I'm hoping someone can tell what the problem is just by looking at my dmesg and
the call trace for init, because I don't have time to do a git-bisect at the moment.

I did wonder if commit 04b857f had uncovered a bug somewhere else - maybe in
reiserfs, lvm or cfq? But I'm just guessing, because that commit touches
md-raid1 and I use raid1.

Steps to reproduce:
100% reproducible on my machine. Persists with more recent git trees - most
recent I've tried is 3759fa9c55923f719ae944a3f8fbb029b36f759d.

I thought it might be a mkinitrd bug, so I substituted a known working initramfs
"initrd", but init still got stuck in "D" state.
Comment 1 Alex Outhred 2006-03-15 04:01:40 UTC
Created attachment 7578 [details]
netconsole log - dmesg, SysRq "Show Regs" and SysRq "Show State"

netconsole log - dmesg, SysRq "Show Regs" and SysRq "Show State"
Comment 2 Alex Outhred 2006-03-15 04:03:07 UTC
Created attachment 7579 [details]
.config
Comment 3 Neil Brown 2006-03-15 14:17:54 UTC
I'm afraid there isn't enough info in the trace for me to figure out what is wrong.

It looks like reiserfs has submitted a request to read a block from the journal,
and that request just hasn't returned.  It is not possible to tell why it hasn't
returned. 

There is some evidence in the trace to suggest you are using crypto within dm. 
Are you ?


It is hard to see how the patch that you identified could be causing this
problem, though you could always try reverting it and see....

A git bisect is really what we need here.  It is a pity you don't have time as
aI cannot think of any other path to follow.
Comment 4 Alex Outhred 2006-03-15 17:18:11 UTC
Sorry to point the finger at you, Neil - I did suggest that your patch had
merely uncovered a bug somewhere else, though!

I do use dm-crypt, but only for my swap partitions. The dm devices haven't been
created with cryptsetup or mounted at that stage in the boot process. I don't
really know why aes_enc_blk is called - there's no dm-crypt involved in md0 or
my LVM root device.

I thought that the pathological bit of the call trace started at
_update_journal_header_block. But perhaps there is no pathological bit - the
request just disappears into the lower levels of the block layer or the driver
(SYM53C8XX_2) without any clues about what has gone wrong?

Hopefully I'll be able to investigate this some more on the weekend -
git-bisect, etc. There aren't that many commits between known-good and known-bad.

Perhaps tonight I'll have time to play with the kernel command line. I'll try
changing the IO scheduler - could that make any difference, do you think?
Comment 5 Alex Outhred 2006-03-16 03:43:03 UTC
Created attachment 7584 [details]
git bisect log

OK, I did a git bisect, just for you. Unfortunately, it was that raid1 patch:

commit 04b857f74cec5efc7730e9db47e291310f4708a4
Author: NeilBrown <neilb@suse.de>
Date:	Thu Mar 9 17:33:46 2006 -0800

    [PATCH] md: Fix several raid1 bugs which cause a memory leak
    
    - wrong test for 'is this a BARRIER bio'
    - not freeing on all possible paths.
    - using r1_bio after freeing it.

See the attached git-bisect log.

Just for your information, switching IO schedulers from cfq to deadline made no
difference.

Is there anything I can do to help work out why this patch causes this side
effect?
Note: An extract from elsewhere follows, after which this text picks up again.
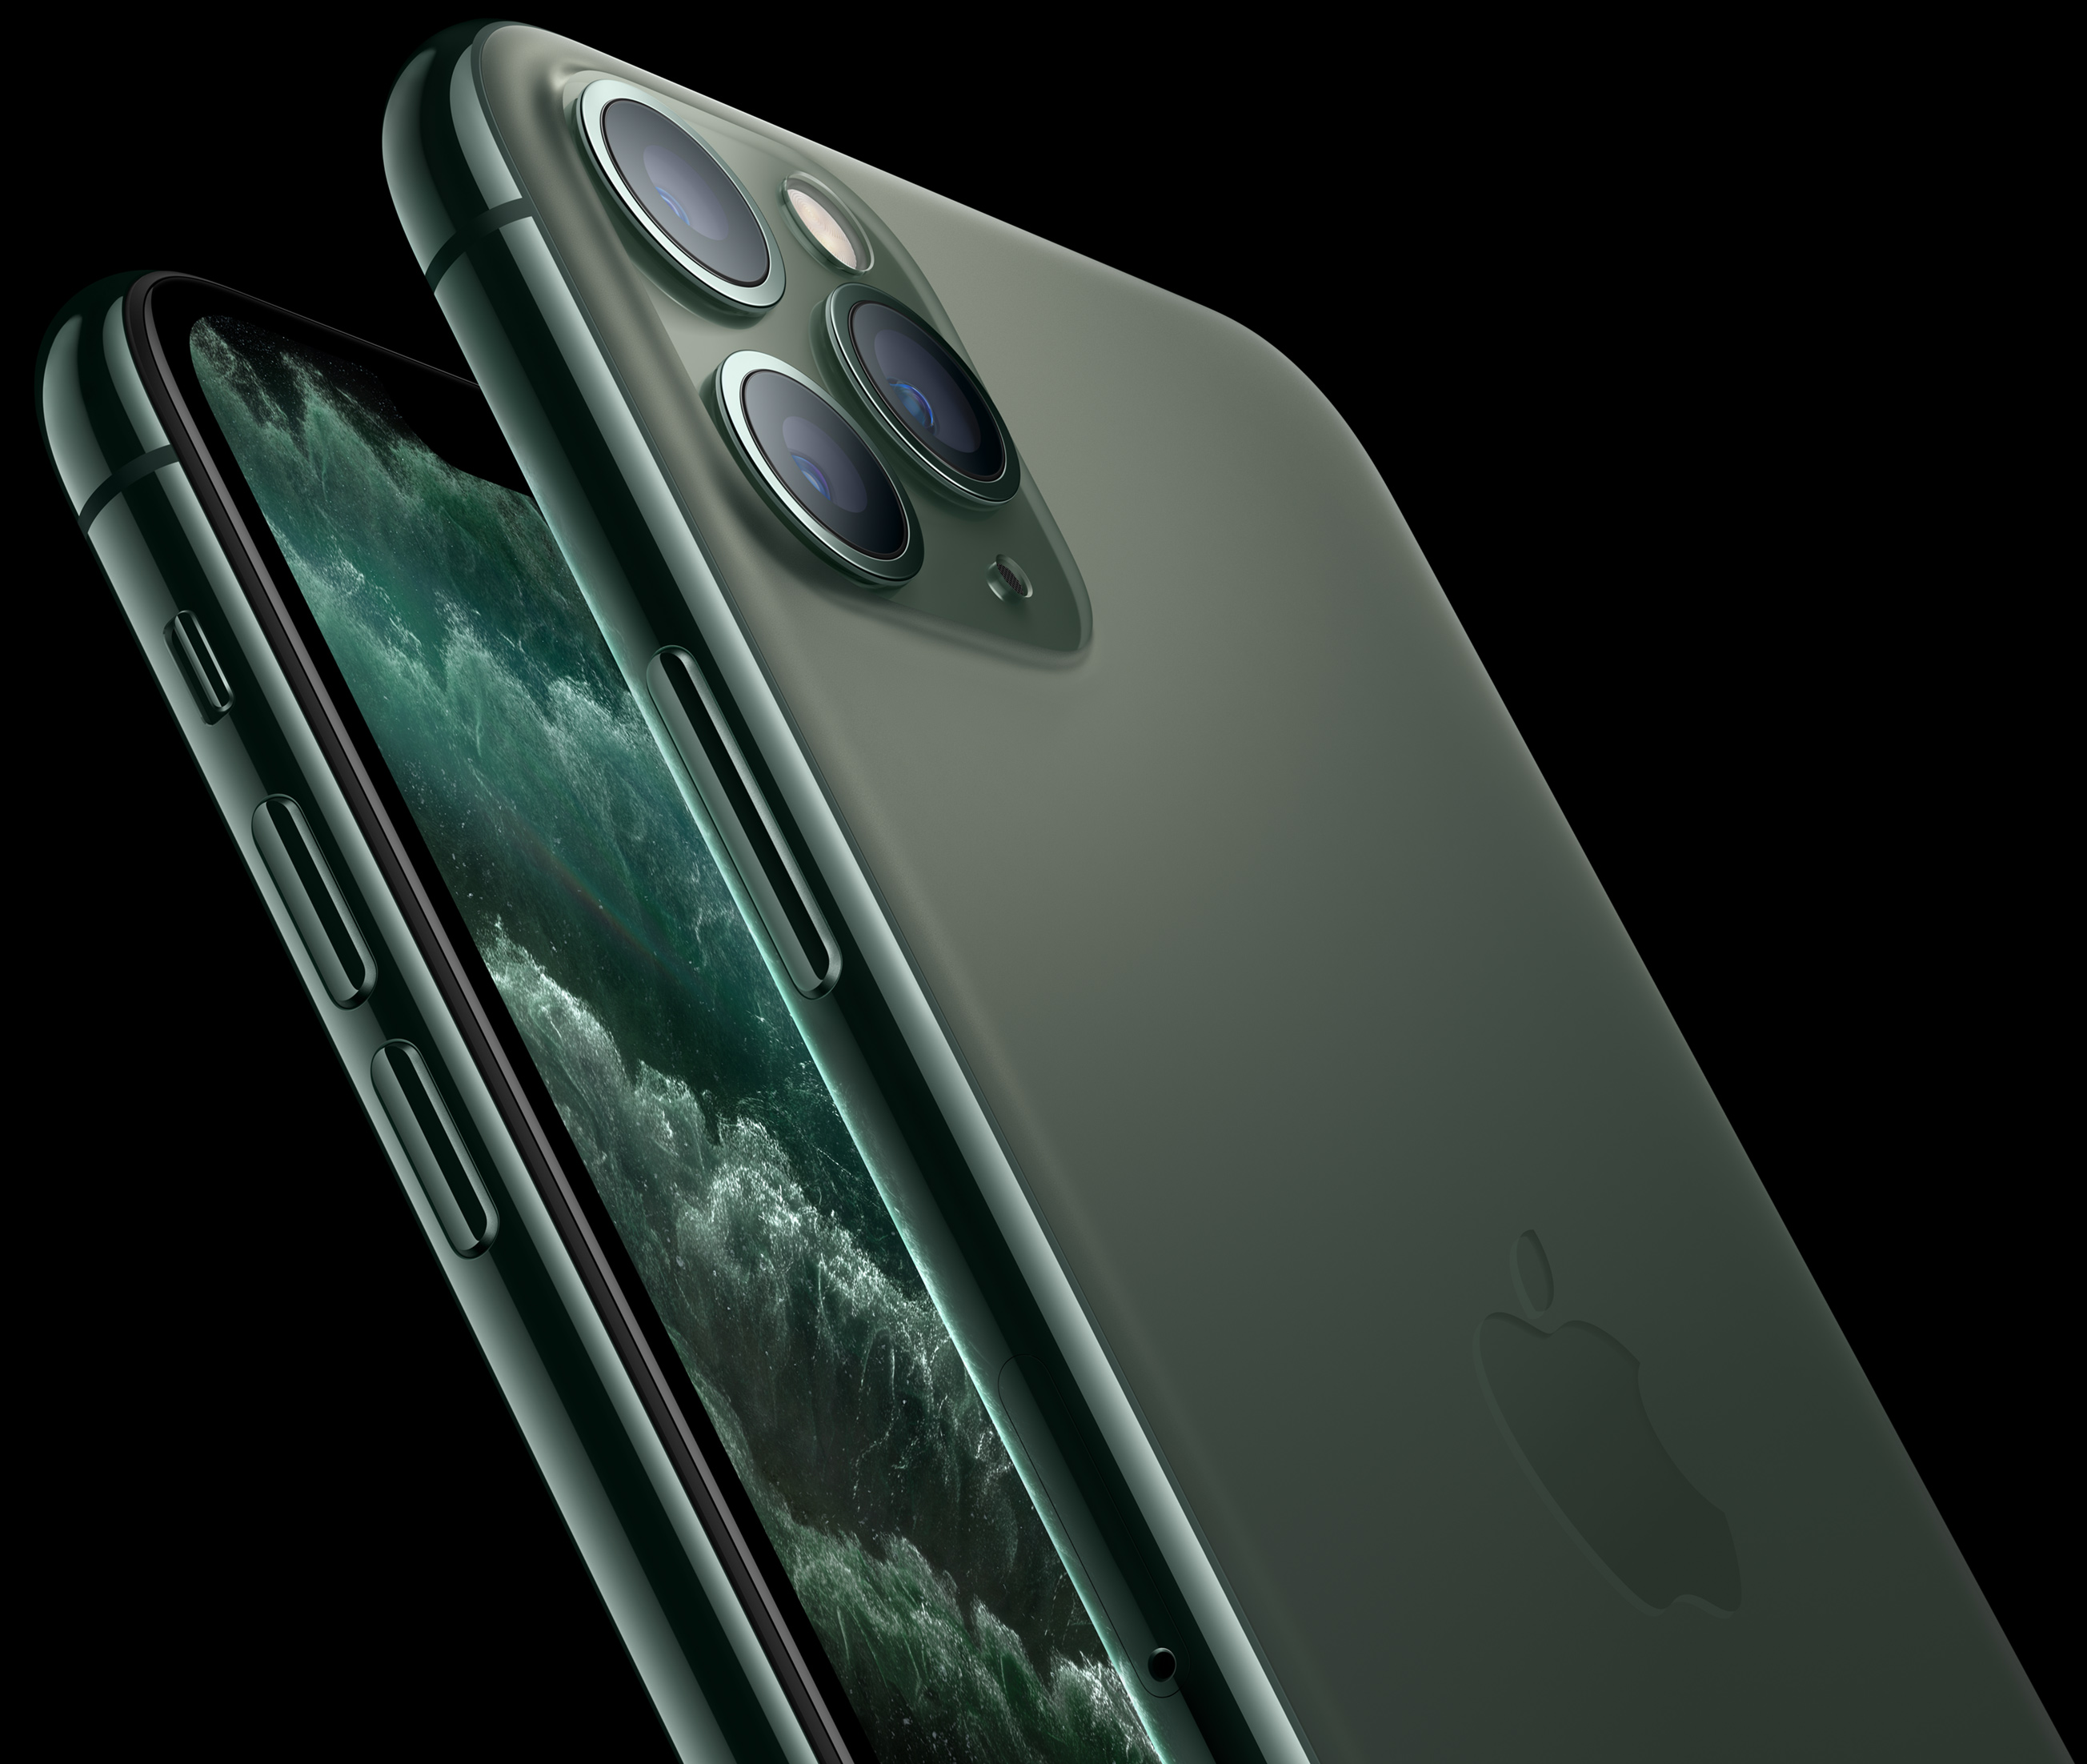 iphone 11 pro max 64 midnight green

Any debugging options I should turn on? I'm not much of a programmer,
but I can apply patches and edit files with nano if you want me to add printks
anywhere.
Comment 6 Neil Brown 2006-03-19 16:39:52 UTC
Thanks for doing the "git bisect".

I've looked harded and think I have found the bug that this patch revealed.  
It only triggers when the first write to a raid1 is a BIO_RW_BARRIER write, which
could will be the case when replaying an empty journal.
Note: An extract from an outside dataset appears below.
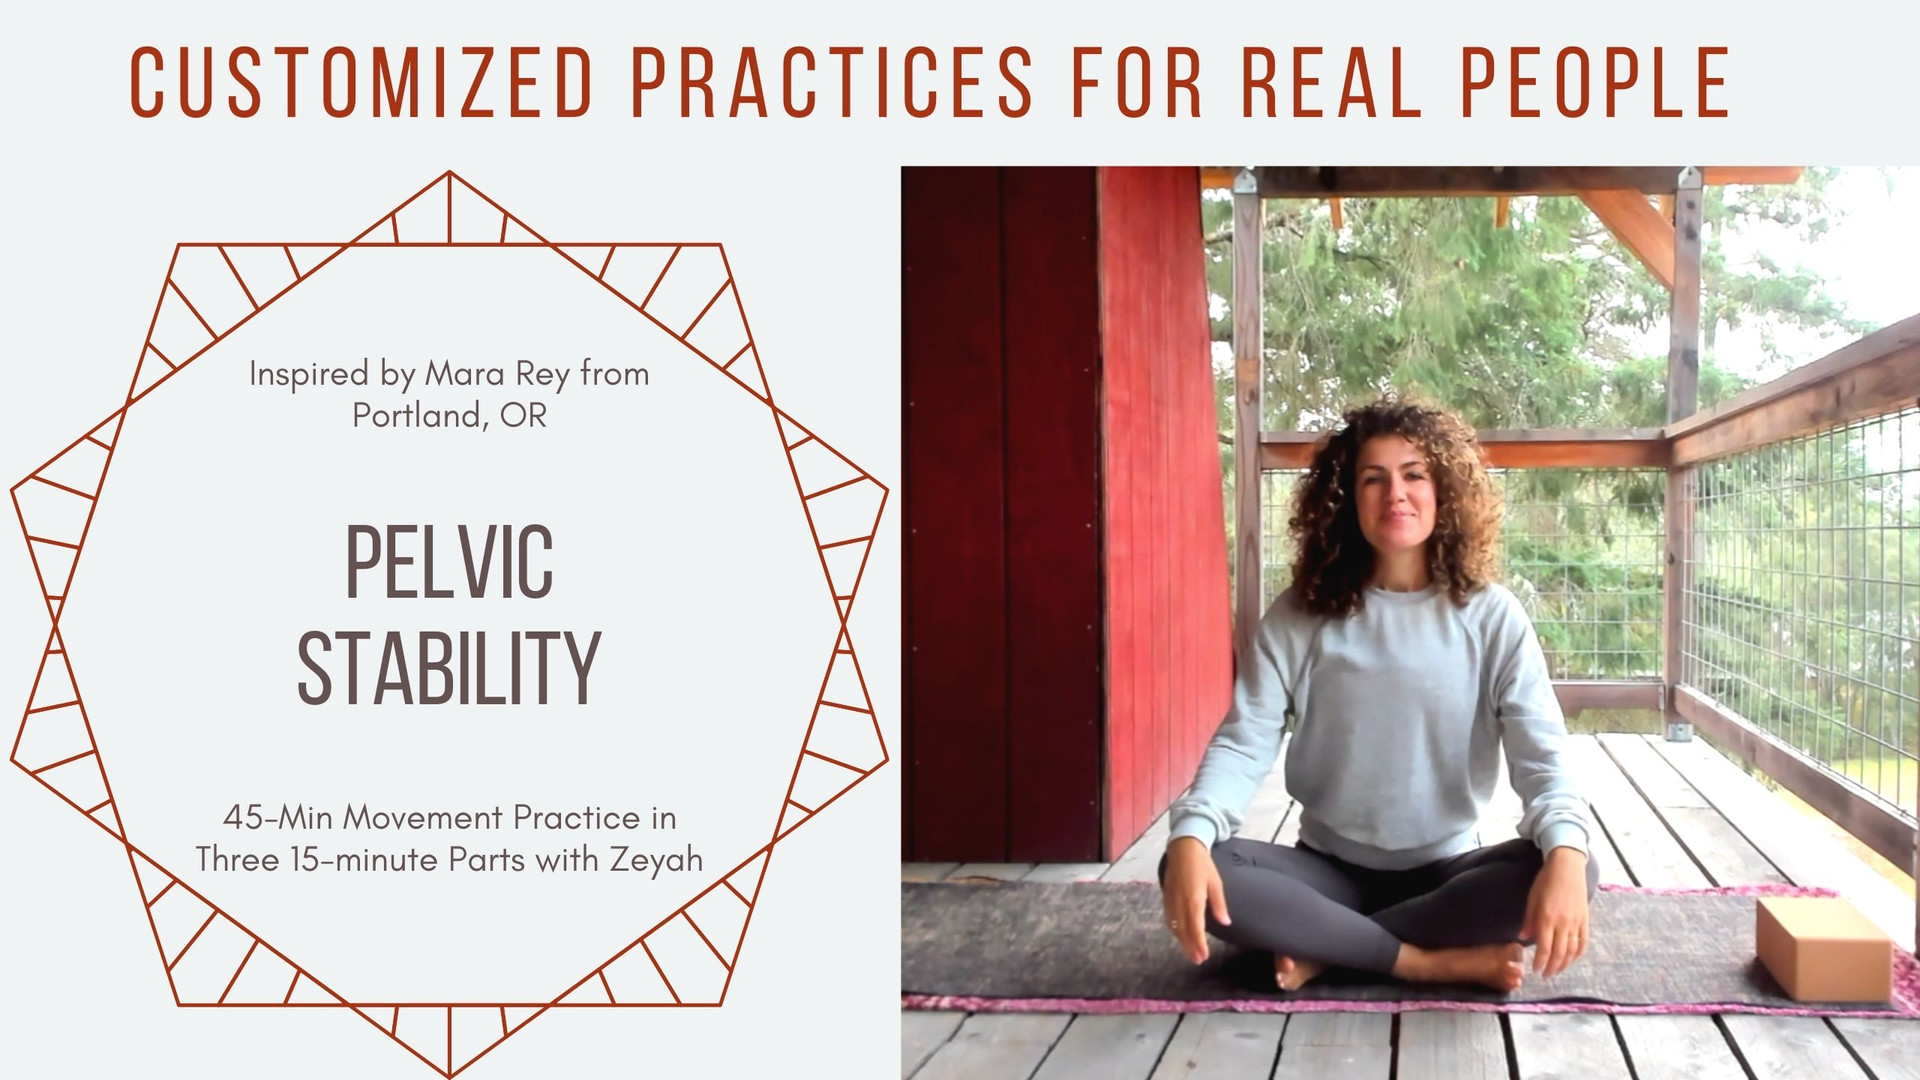 Pelvic Stability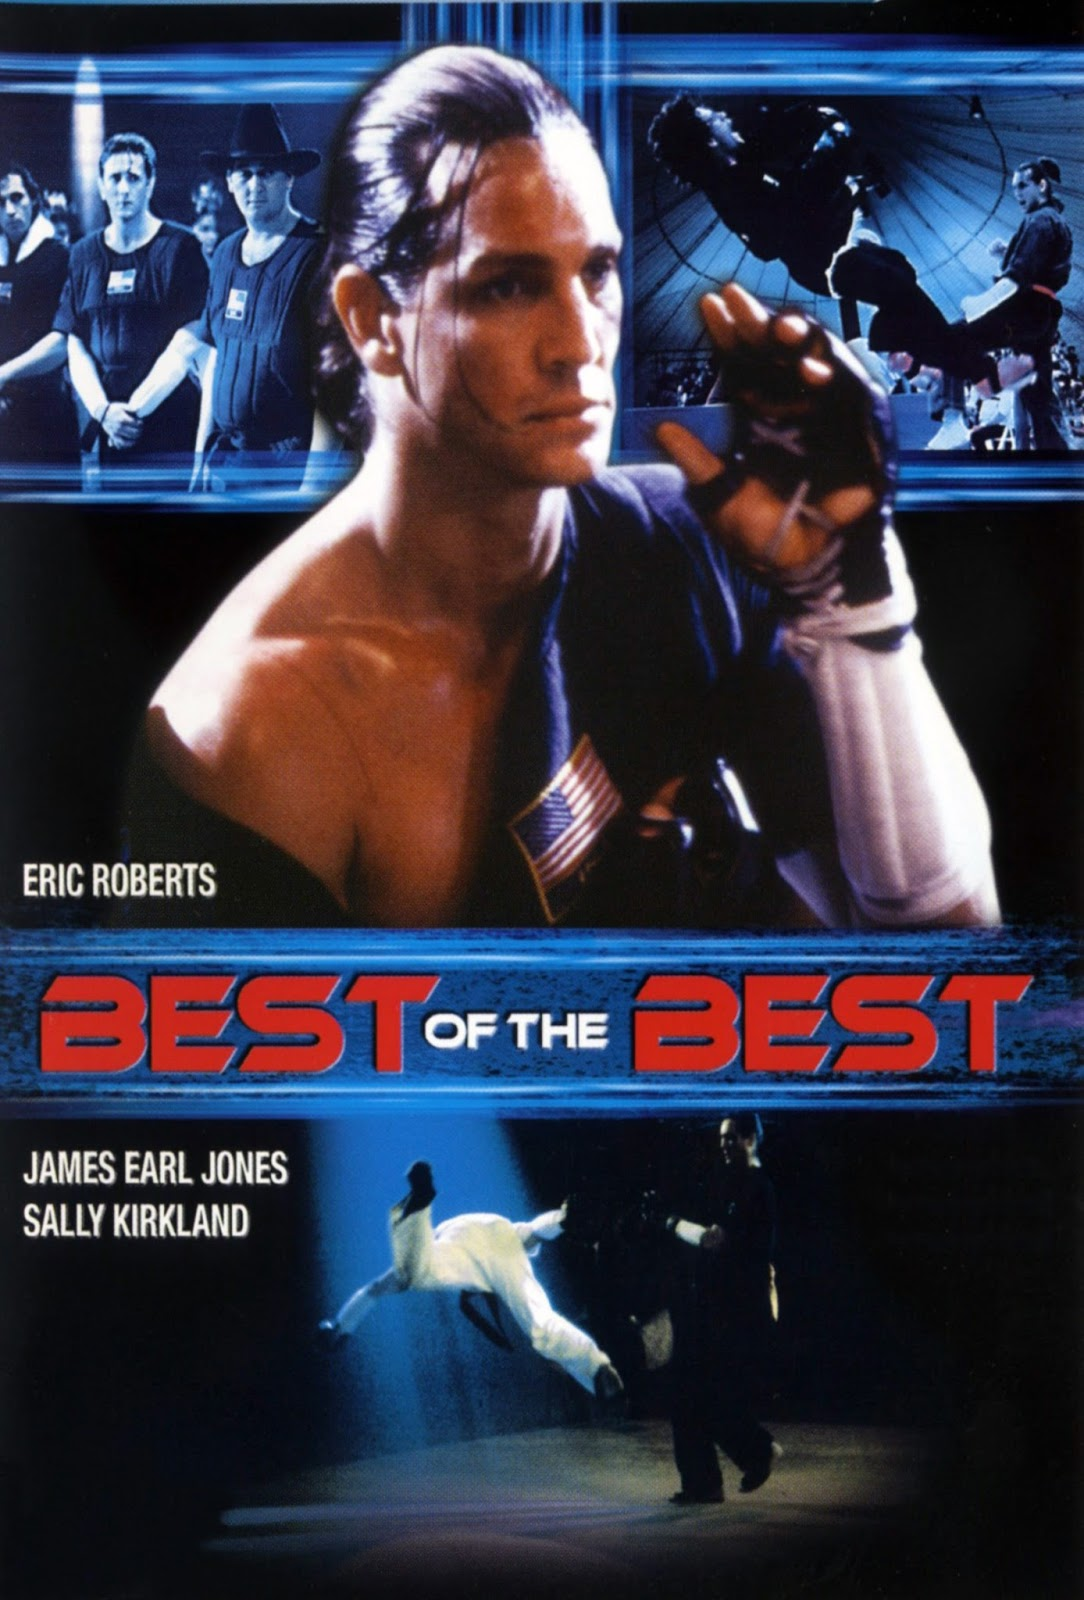 Best of the Best 1989 - Full (HD)

I'll attach a patch that should fix it.  However I'm still confused.  The bug
should cause an atomic_t to go negative under and atomic_dec_and_test, and that
should cause a BUG message to be printed.  But we are not seeing one..
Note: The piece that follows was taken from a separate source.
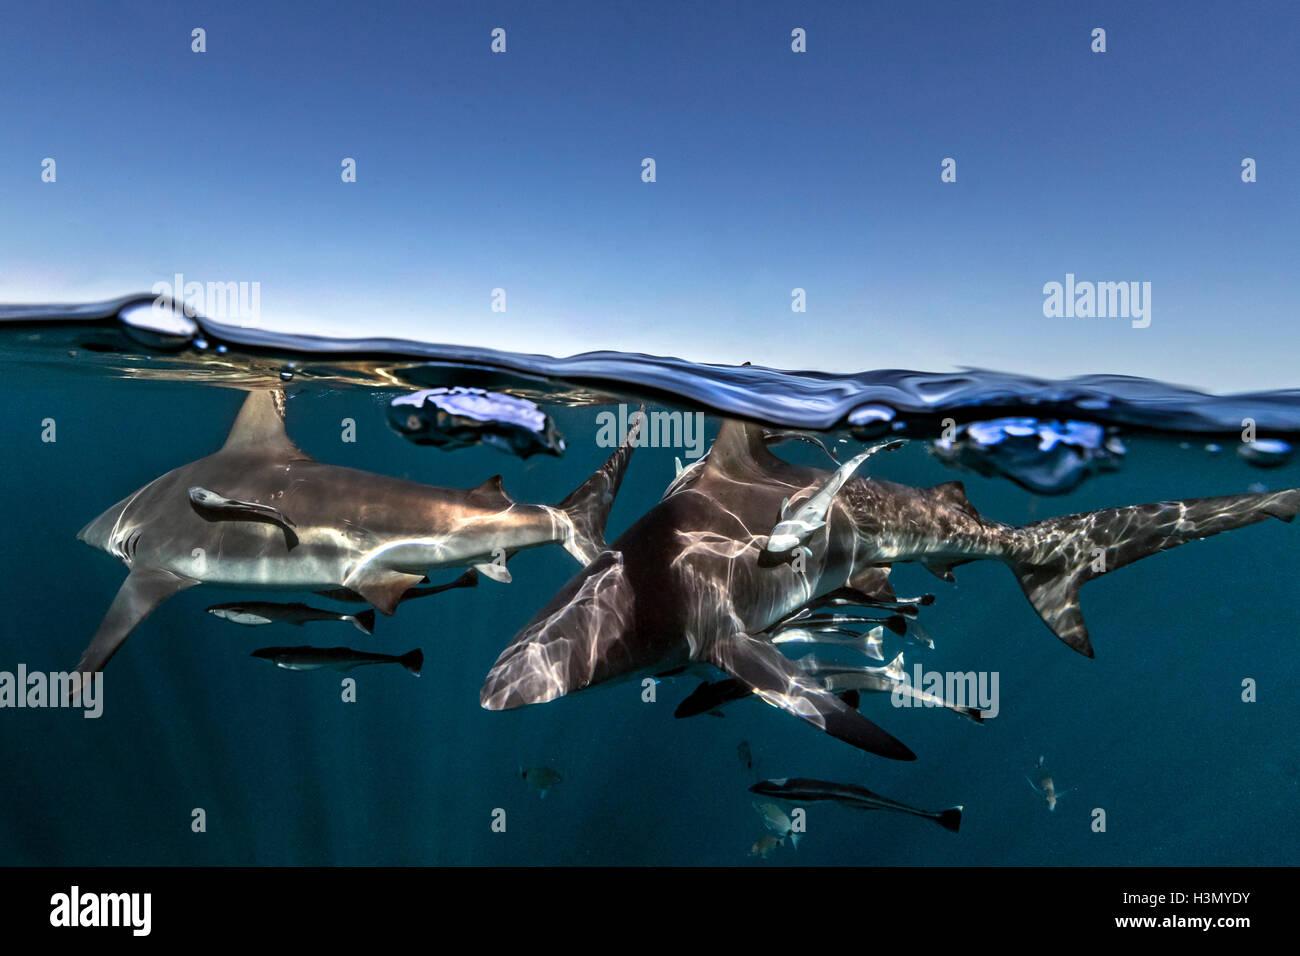 Oceanic Blacktip Sharks (Carcharhinus Limbatus) swimming near surface of ocean, Aliwal Shoal, South Africa Stock Photo

Anyway, if you could try the patch an report back, I would appreciate it.
Thanks
NeilBrown
Comment 7 Neil Brown 2006-03-19 16:40:31 UTC
Created attachment 7608 [details]
Proposed patch
Comment 8 Alex Outhred 2006-03-20 00:18:31 UTC
Created attachment 7616 [details]
dmesg and stack trace from patched kernel

Thanks Neil. I tried your patch, but unfortunately it doesn't seem to make any
difference to this particular bug. I've attached the new dmesg. This time I've
included the trace for all the kernel threads as well as init, in case there's
anything interesting there.

The init call trace seems quite long to my ignorant eyes, but a stack overflow
wouldn't manifest like this, would it? I've got 4k/4k stacks, plus
CONFIG_DEBUG_STACKOVERFLOW=y.
Comment 9 Neil Brown 2006-03-22 19:30:11 UTC
Ok... I think it is brown-paper-bag time.

Rather than a patch, can I just tell you what to change?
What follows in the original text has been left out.